-- Supplied information follows --

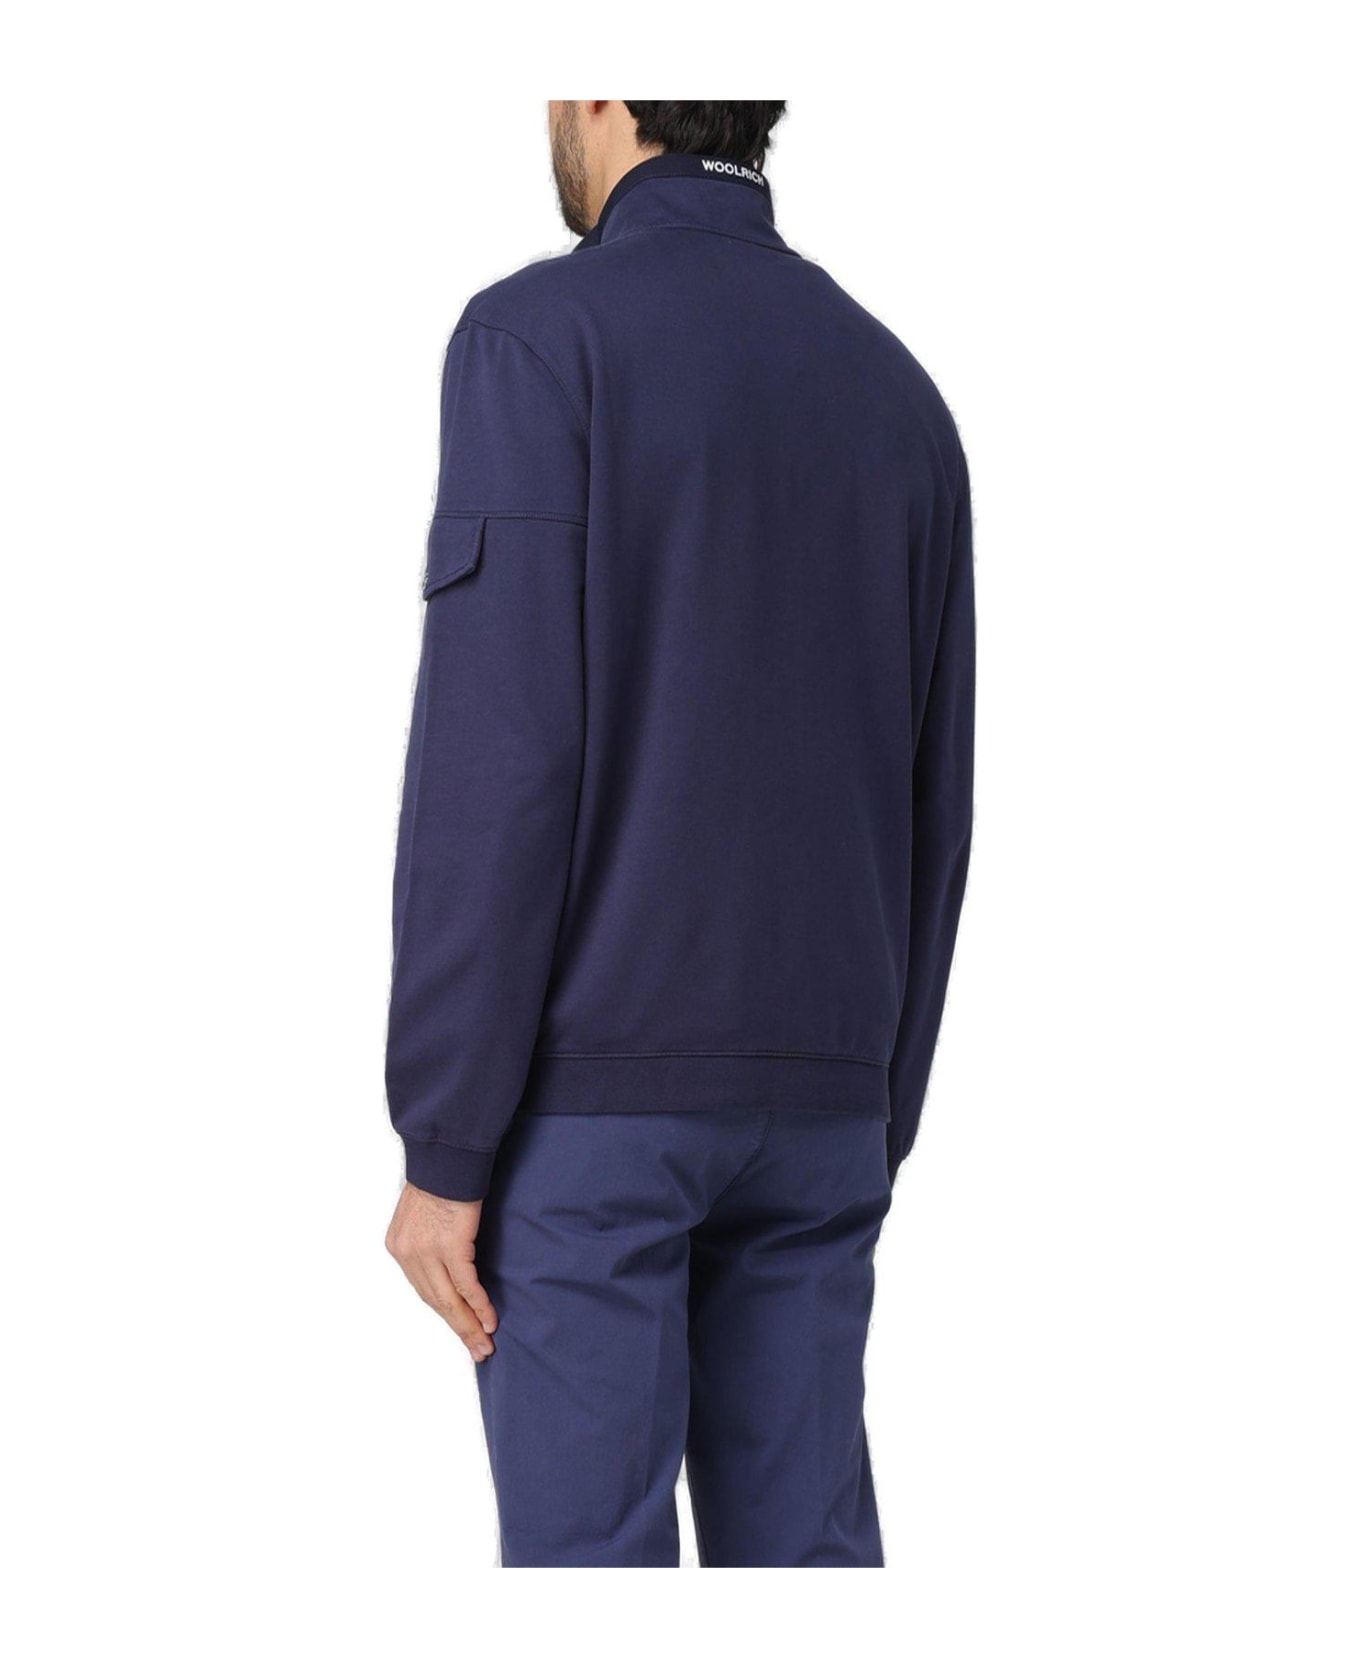 Woolrich Long-sleeved Zip-up Sweatshirt
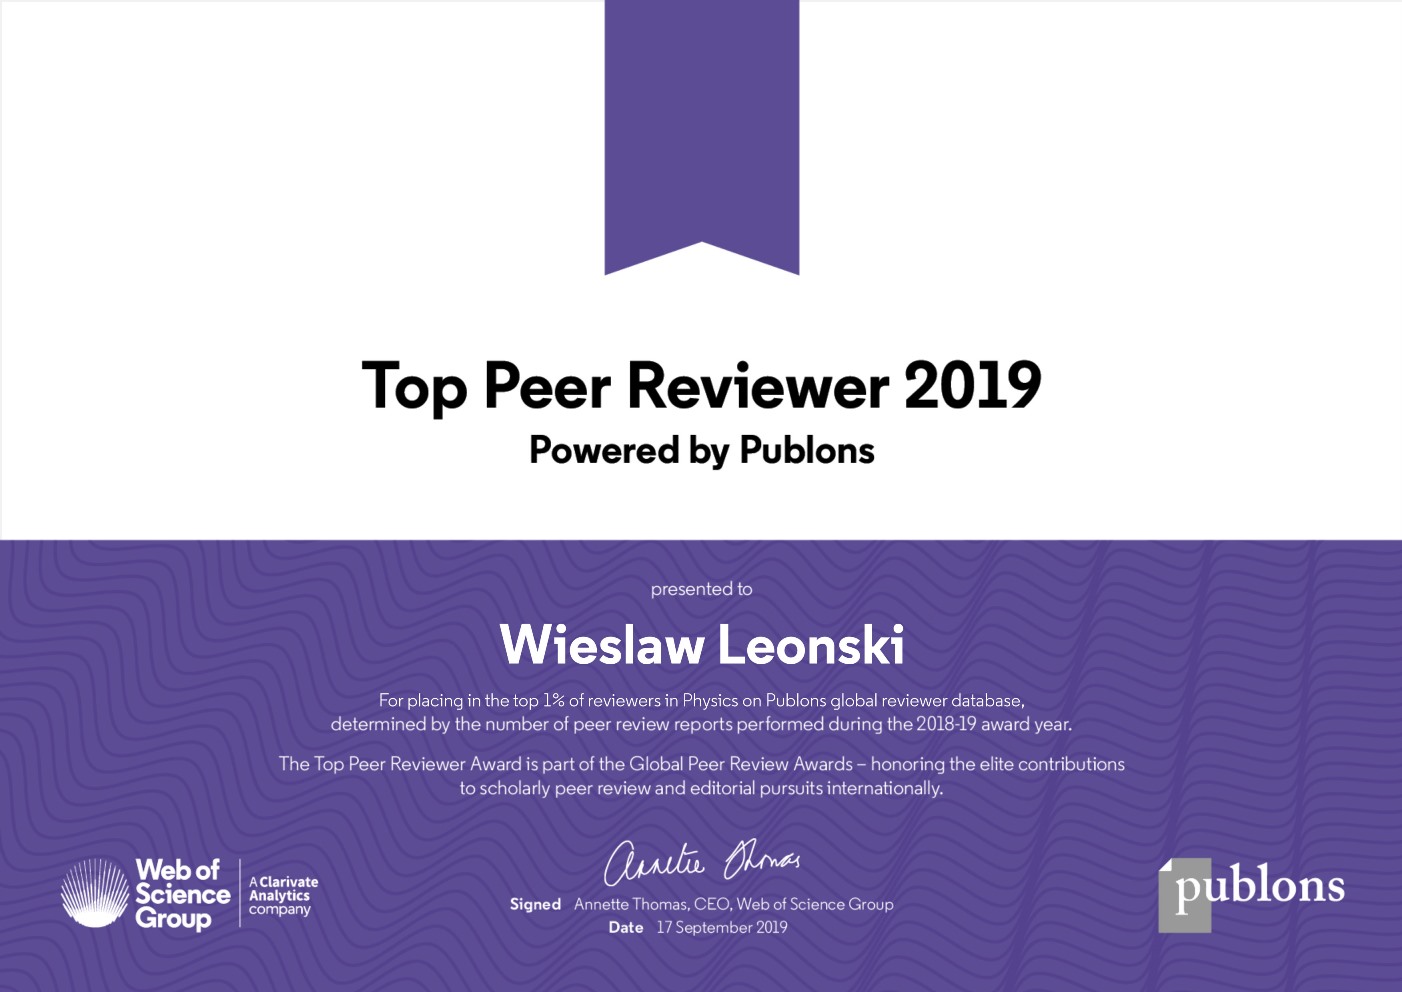 WieslawLeonski - Tom reviewers in Physics award 2019 wł.jpg
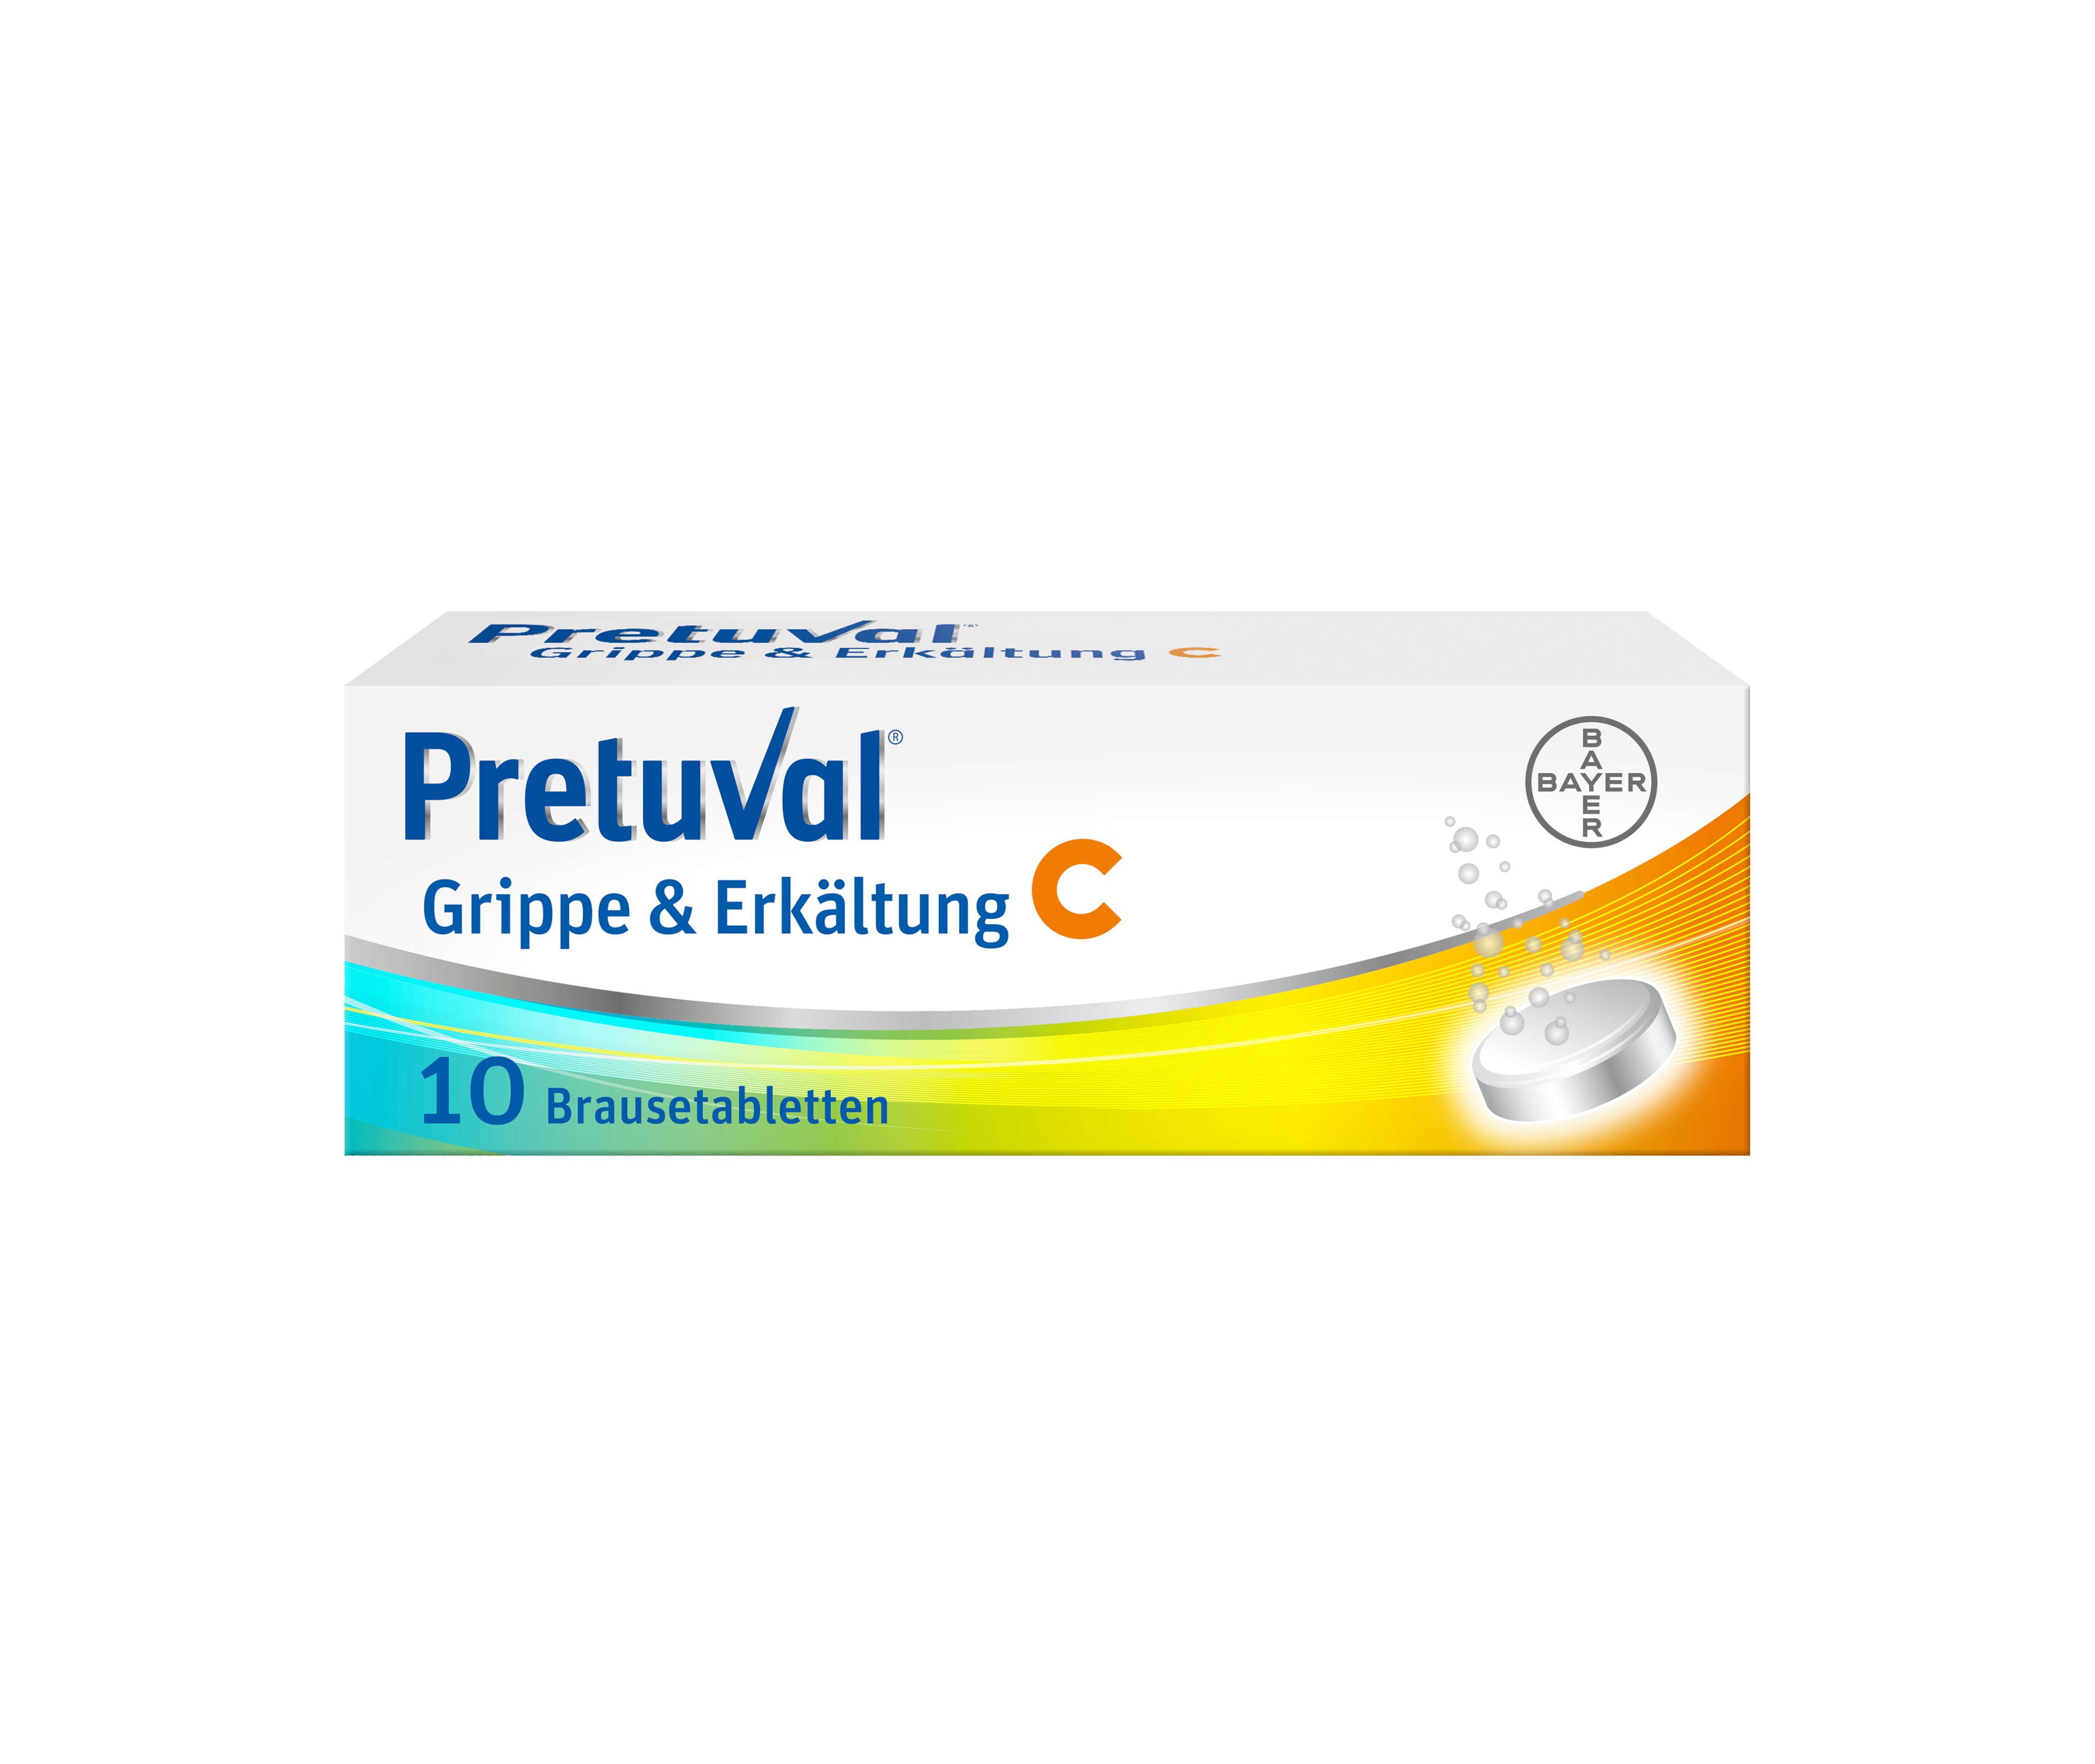 Pretuval® Grippe & Erkältung C – 10 Brausetabletten
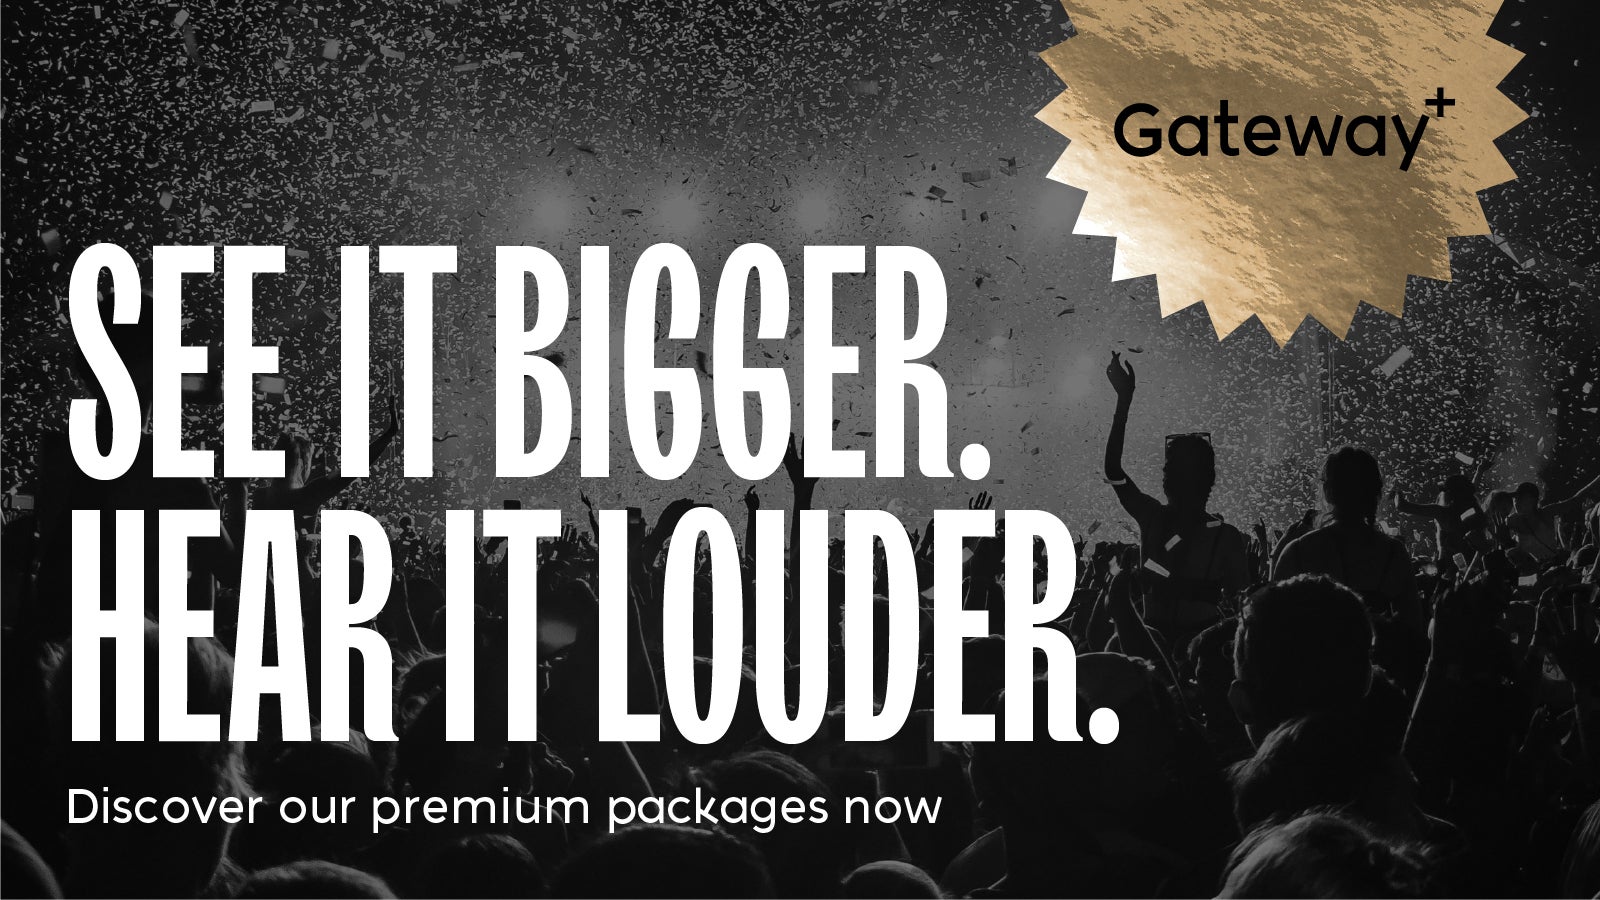 Sophie Ellis Bextor - Premium Package - Gateway+ Event Title Pic

-- Supplied information concluded --

Task item:
Without the pictures, copy the material exactly as given.

Solution to the problem:
 Woolrich Long-sleeved Zip-up Sweatshirt
 WieslawLeonski - Tom reviewers in Physics award 2019 wł.jpg
 Pretuval® Grippe & Erkältung C – 10 Brausetabletten
 Sophie Ellis Bextor - Premium Package - Gateway+ Event Title Pic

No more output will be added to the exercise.